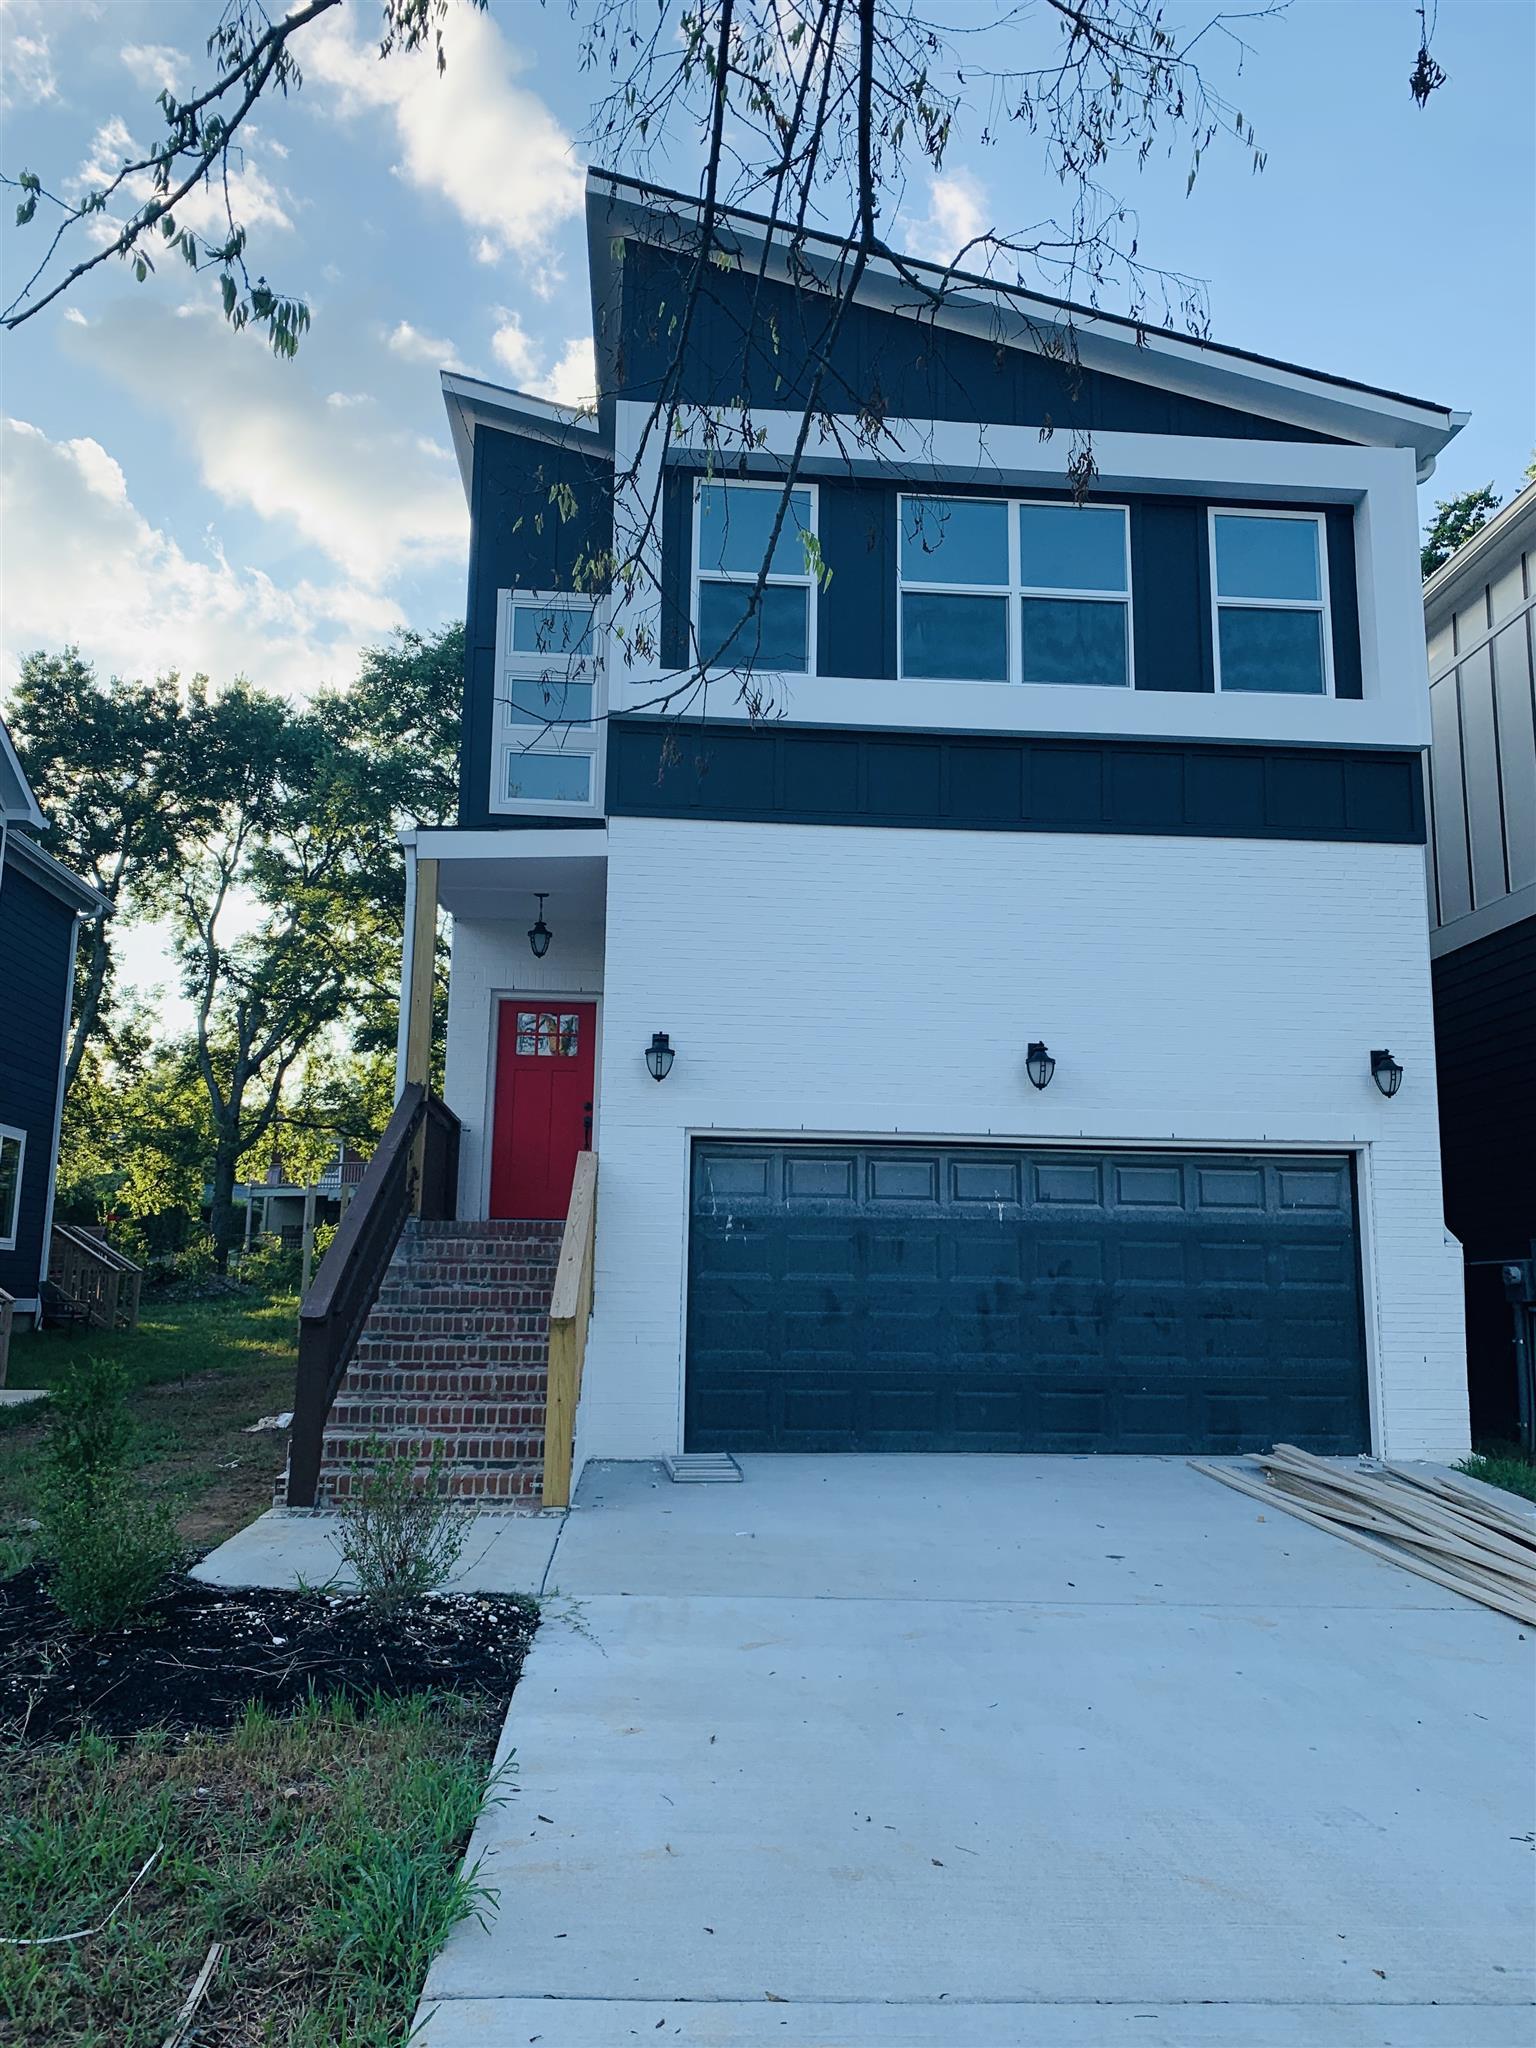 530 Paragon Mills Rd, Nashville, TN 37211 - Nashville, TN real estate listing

---

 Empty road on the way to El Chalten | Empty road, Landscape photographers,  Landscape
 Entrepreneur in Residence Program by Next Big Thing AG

---

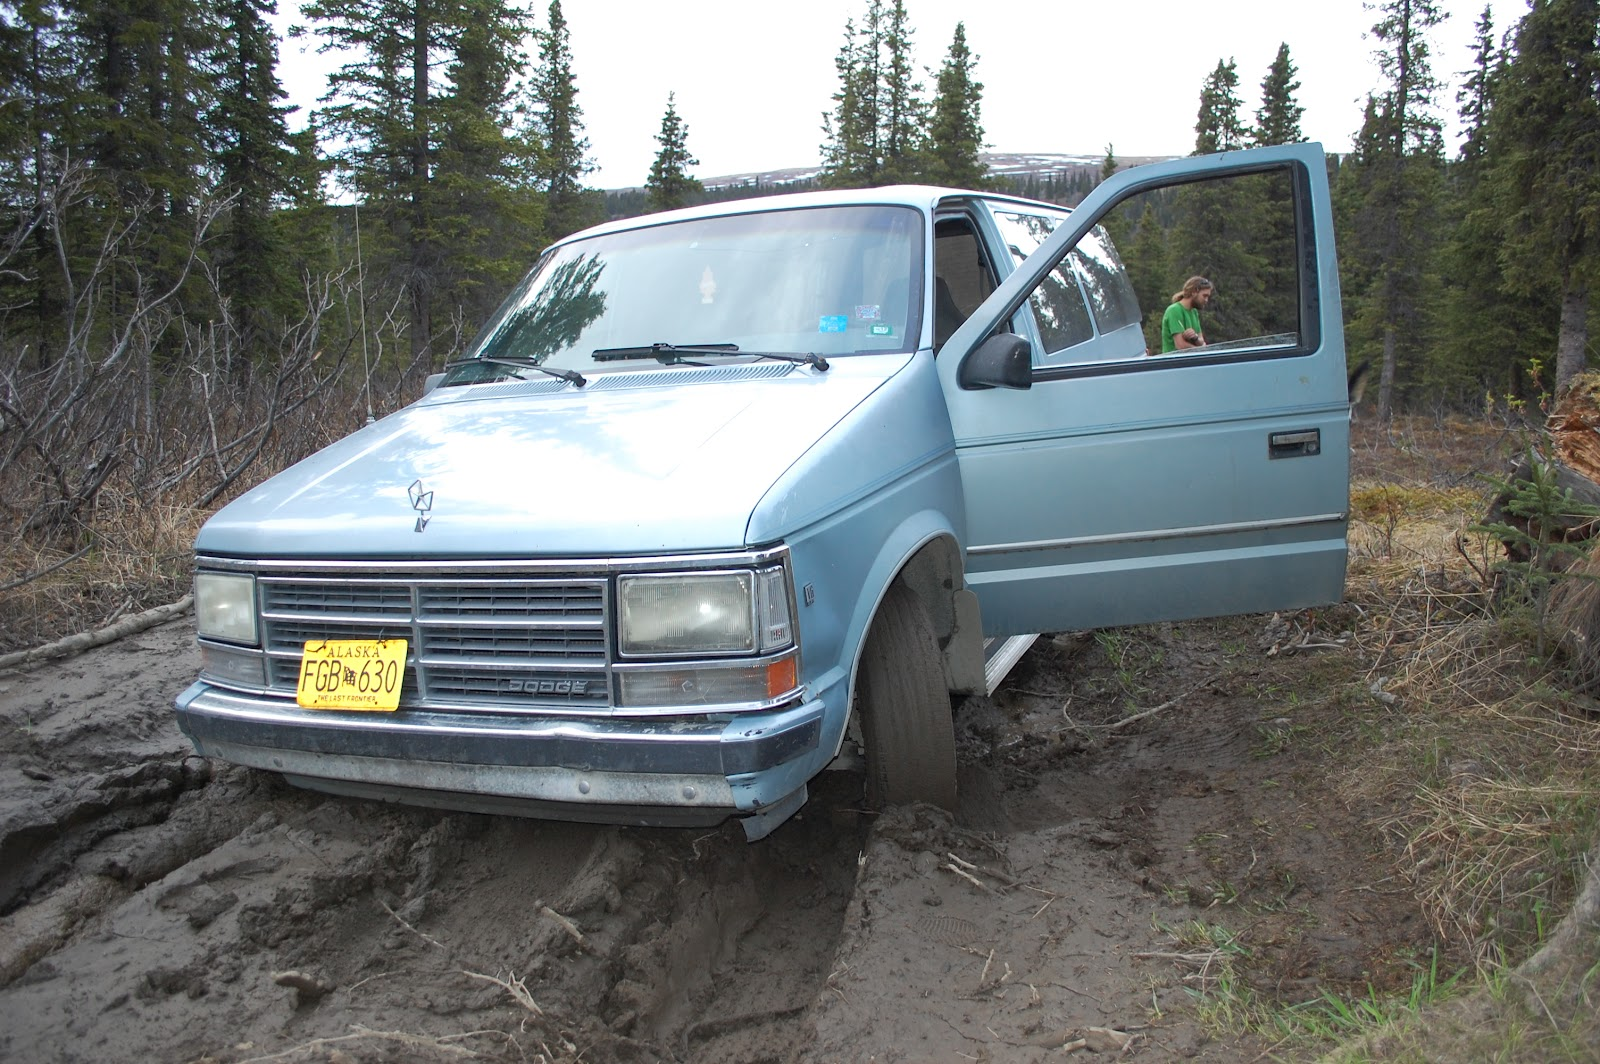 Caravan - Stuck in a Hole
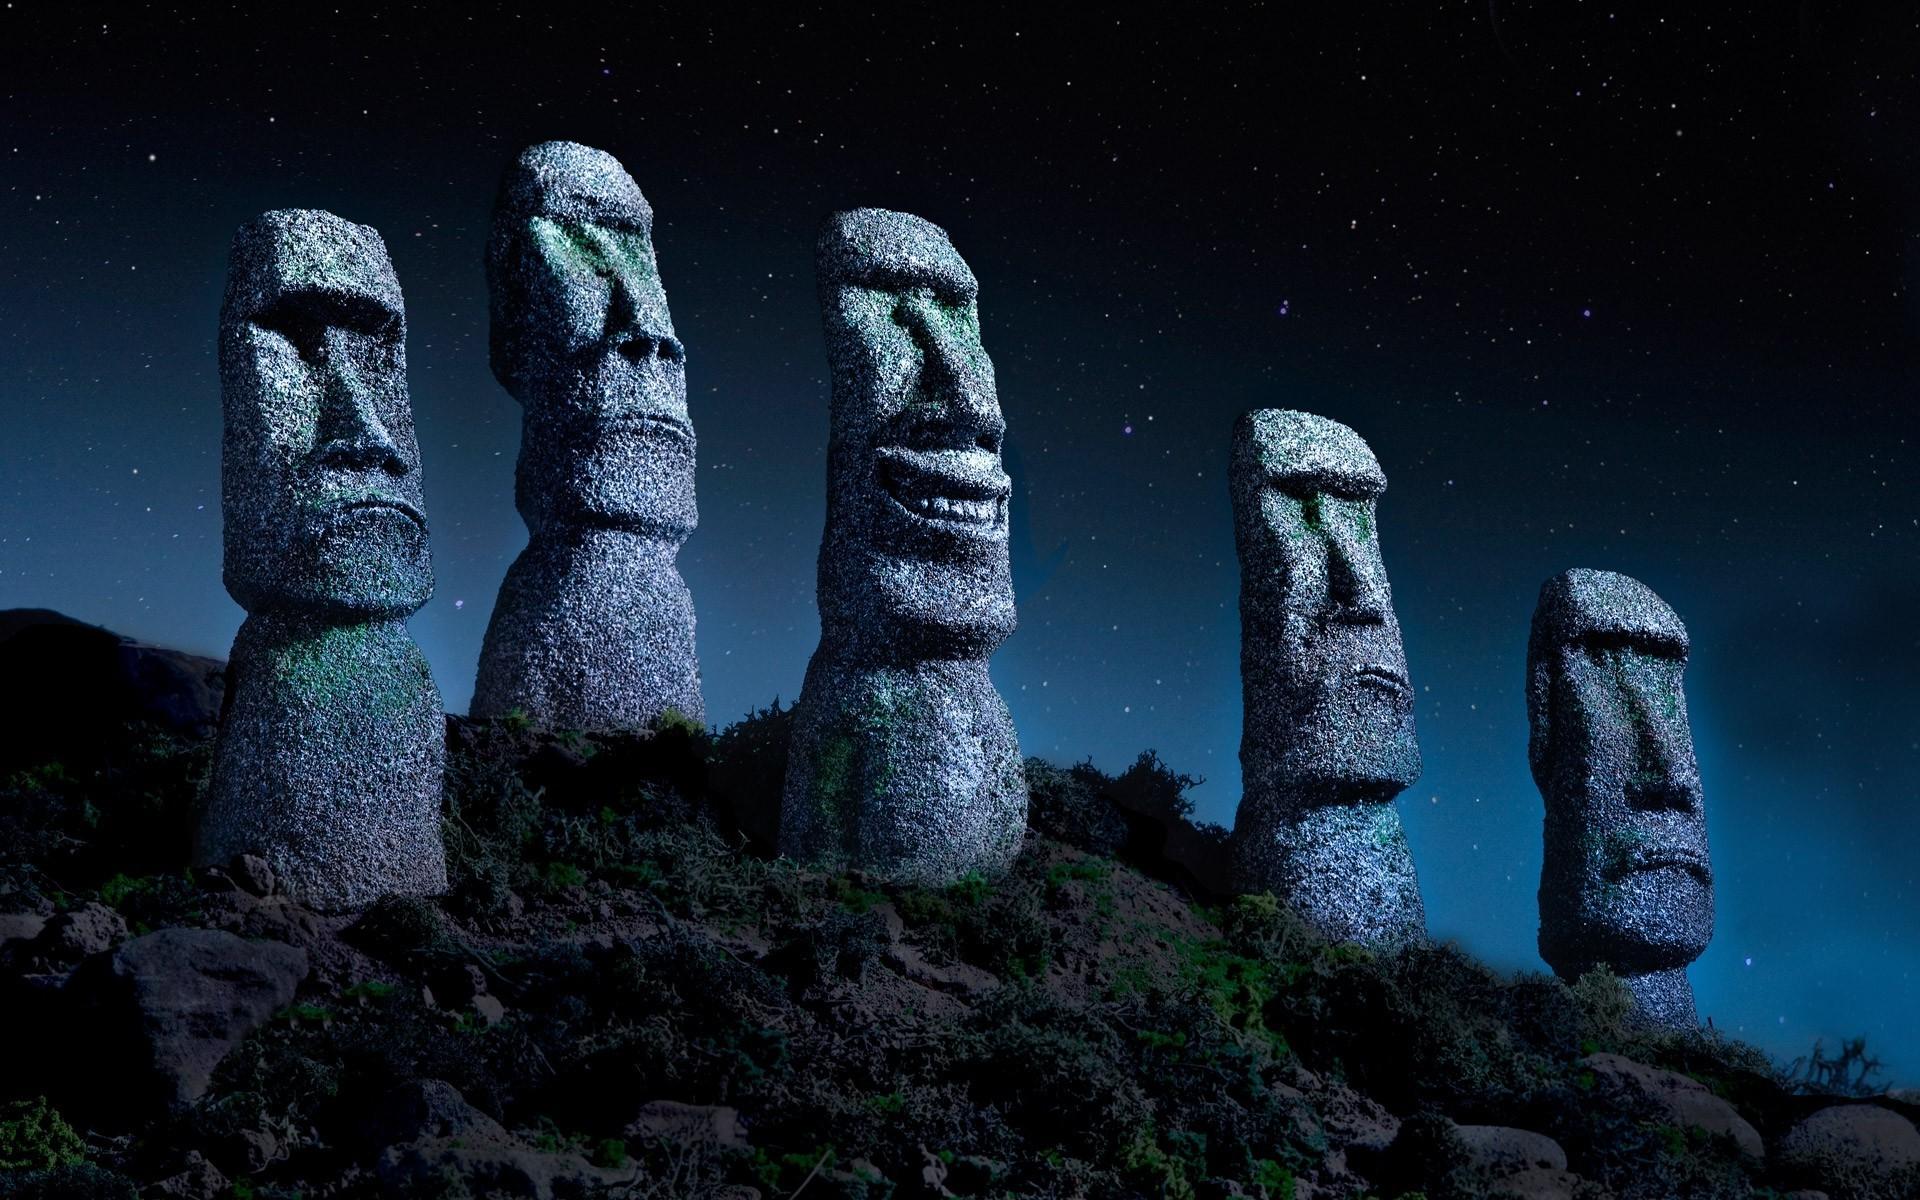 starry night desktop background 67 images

# [Action item]
Return exactly the lines above from the line that has "Empty road on" through the line that has "Entrepreneur in Residence", inclusive, and nothing else.

# [Written answer]
 Empty road on the way to El Chalten | Empty road, Landscape photographers,  Landscape
 Entrepreneur in Residence Program by Next Big Thing AG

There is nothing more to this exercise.